Board ban protesters make feelings clear outside Taos
The group that’s protesting the snowboarding ban at three well-known Western ski resorts has found an eye-catching way to spread its message at Taos, N.M.
The group called Free the Snow unveiled a 12-by-24-foot billboard last week along Highway 285, the main artery for traffic into Taos from Santa Fe and Albuquerque. The billboard is about 45 minutes outside of Taos, but it’s seen by virtually everyone traveling to the ski resort, said Matt Kreitman, who is heading the protest.
Free the Snow is lobbying the U.S. Forest Service to require Taos, Aspen Mountain and Alta, Utah, to open their slopes to snowboarders. The group claims the prohibition is an unjustified form of discrimination.
Since the three resorts are at least partially located on national forest, Free the Snow members argue, they shouldn’t be able to close their slopes to riders. And since the Forest Service handles annual operating permits for the resorts, opponents of the ban are trying to enlist the support of the feds.
Skico officials acknowledge the ban is a form of discrimination – but a legal form. Banning riders is a strategic business decision, they say.
Free the Snow’s billboard targeting Taos will remain erect throughout the ski season, according to Kreitman. Heelside, a snowboard boot maker, is sponsoring the effort, which costs $450 per month, Kreitman said.
The billboard says, “Free Taos” and lists the http://www.freethesnow.com Web site. It also carries the Heelside logo.

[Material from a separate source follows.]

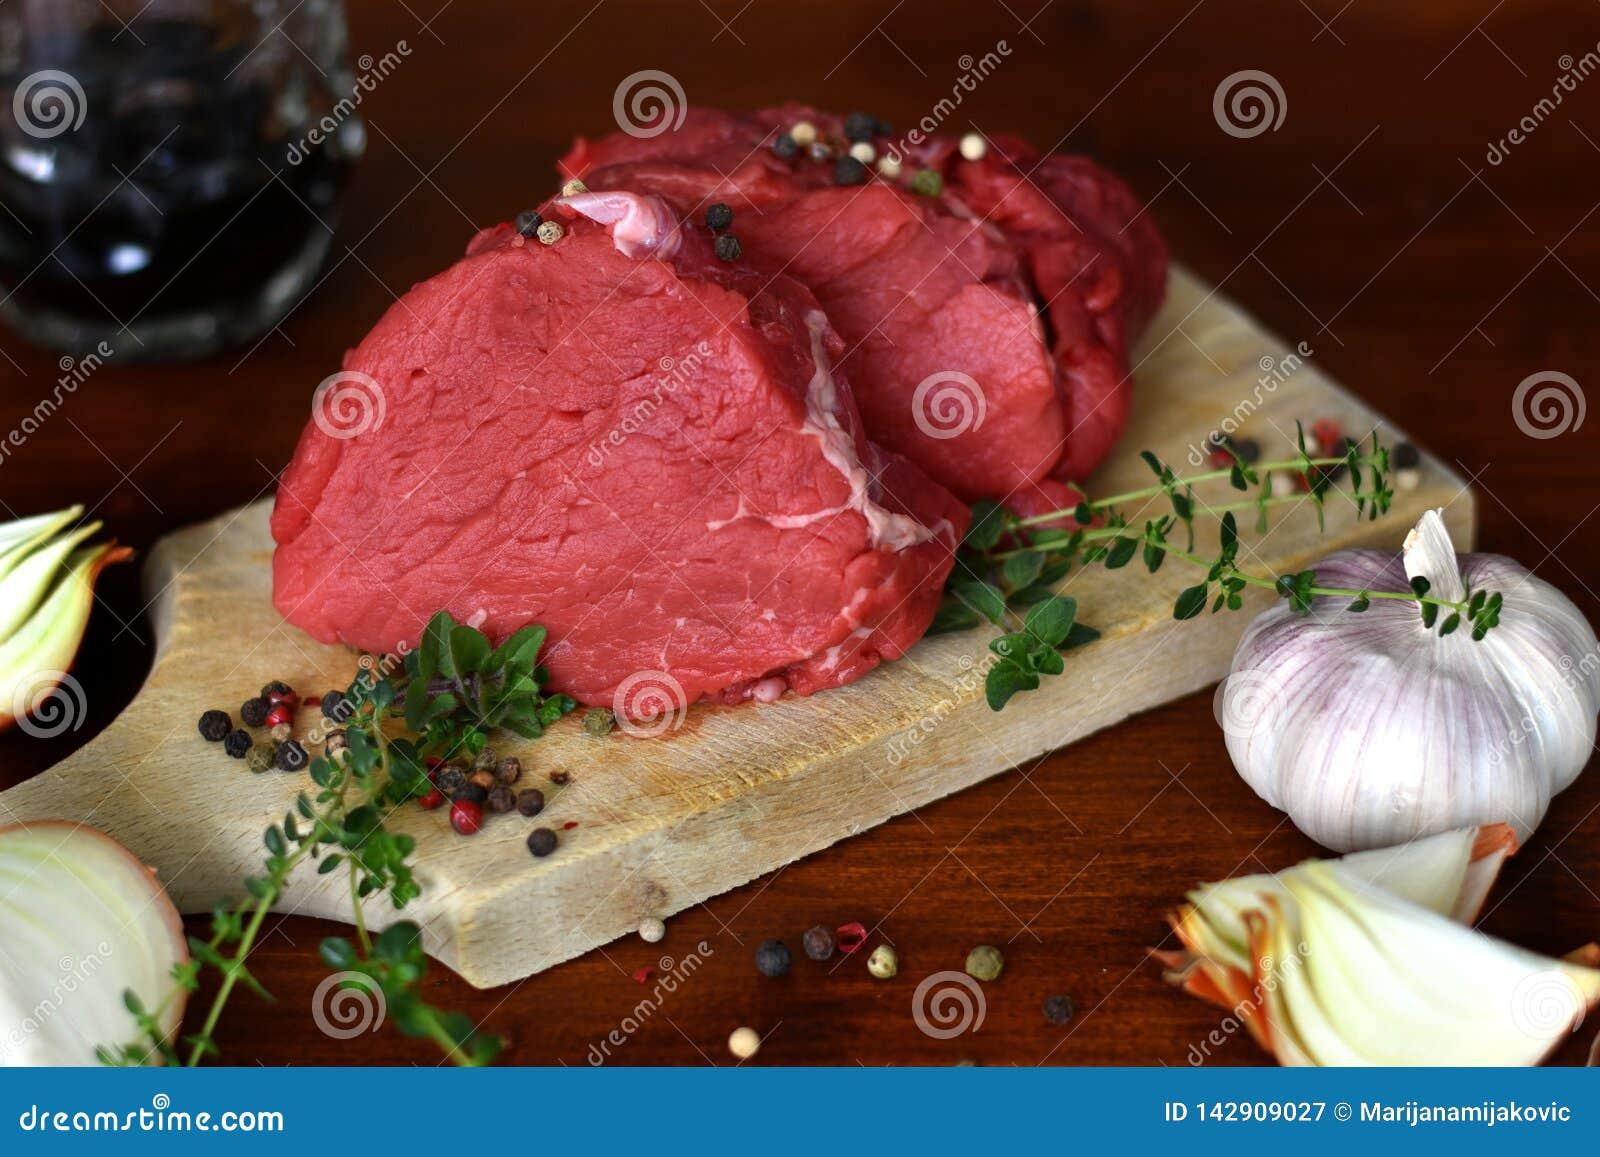 Zwei Schnitte frisches rohes Rindfleischsteak auf dem hölzernen Schneidebrett
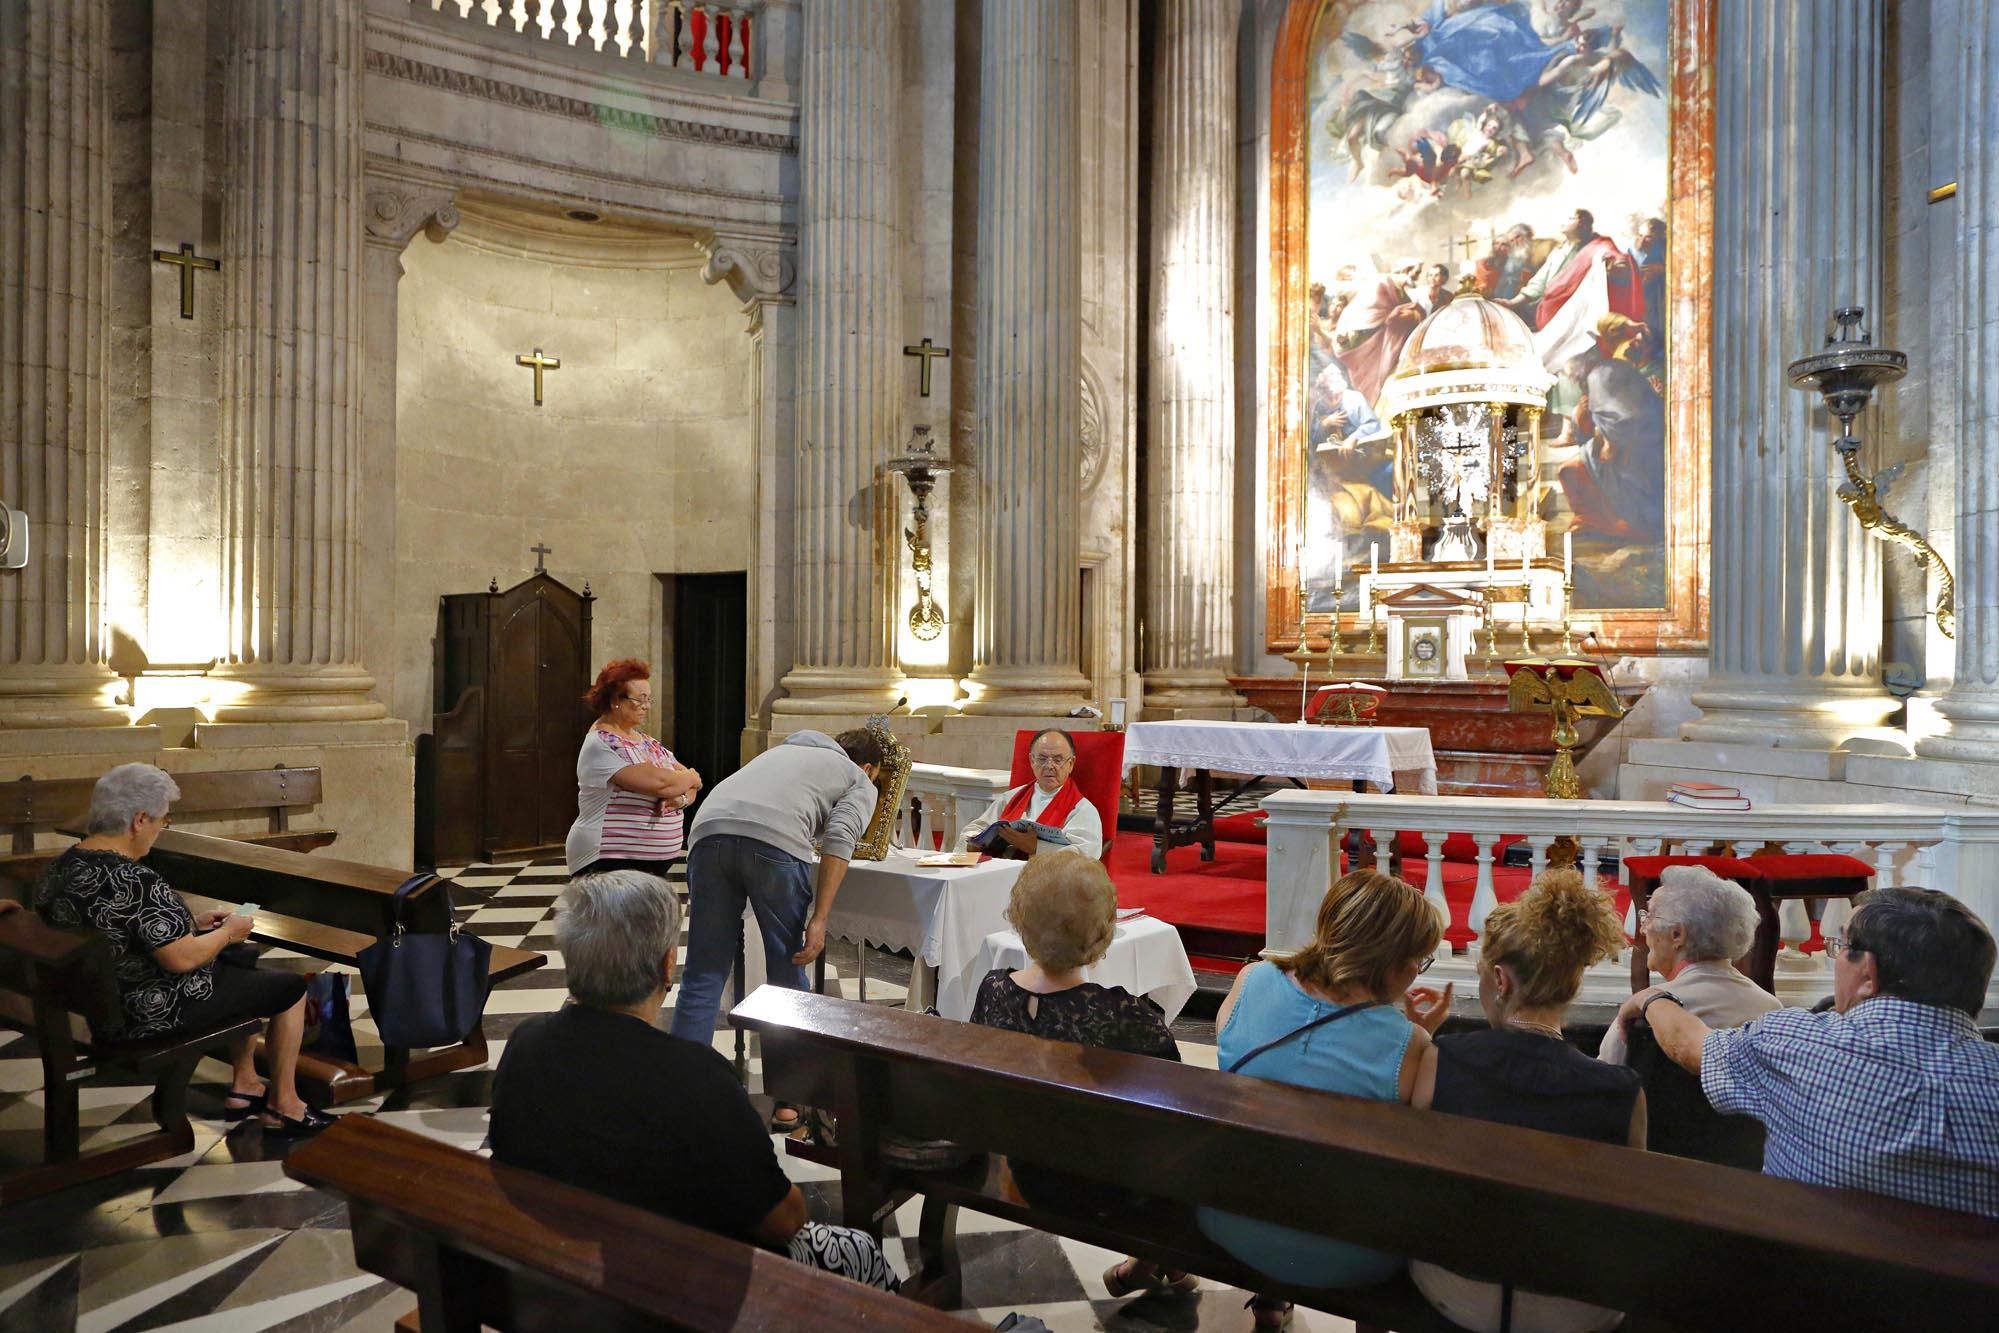 El Santo Rostro se expone cada viernes en 'El Camarín'. Es tradición besar la imagen.

Along with capturing the attention of travelers, Free the Snow’s billboard gained publicity for the issue when newspapers and television stations in New Mexico covered its unveiling.
The group won’t be able to use a billboard to support its cause in Aspen. Billboards are legally banned and popularly despised in Pitkin County. Kreitman hopes to gain publicity in other ways. He scouted out support for sponsorships last week at an industry conference in Whistler/Blackcomb, B.C., sponsored by the transWorld Snowboarding magazine.
Kreitman said he is trying to convince a sponsor to underwrite the cost of running advertisements on RFTA buses this winter. Those ads would likely say “Free Ajax” and display the Web site address.
Free the Snow has been trying to keep its campaign visible in Aspen by distributing “Free Ajax” bumper stickers. About 500 of the stickers have been handed out by Pride Snowboard Shop. The shop’s co-owner, Larry Madden, is supporting Free the Snow’s local efforts.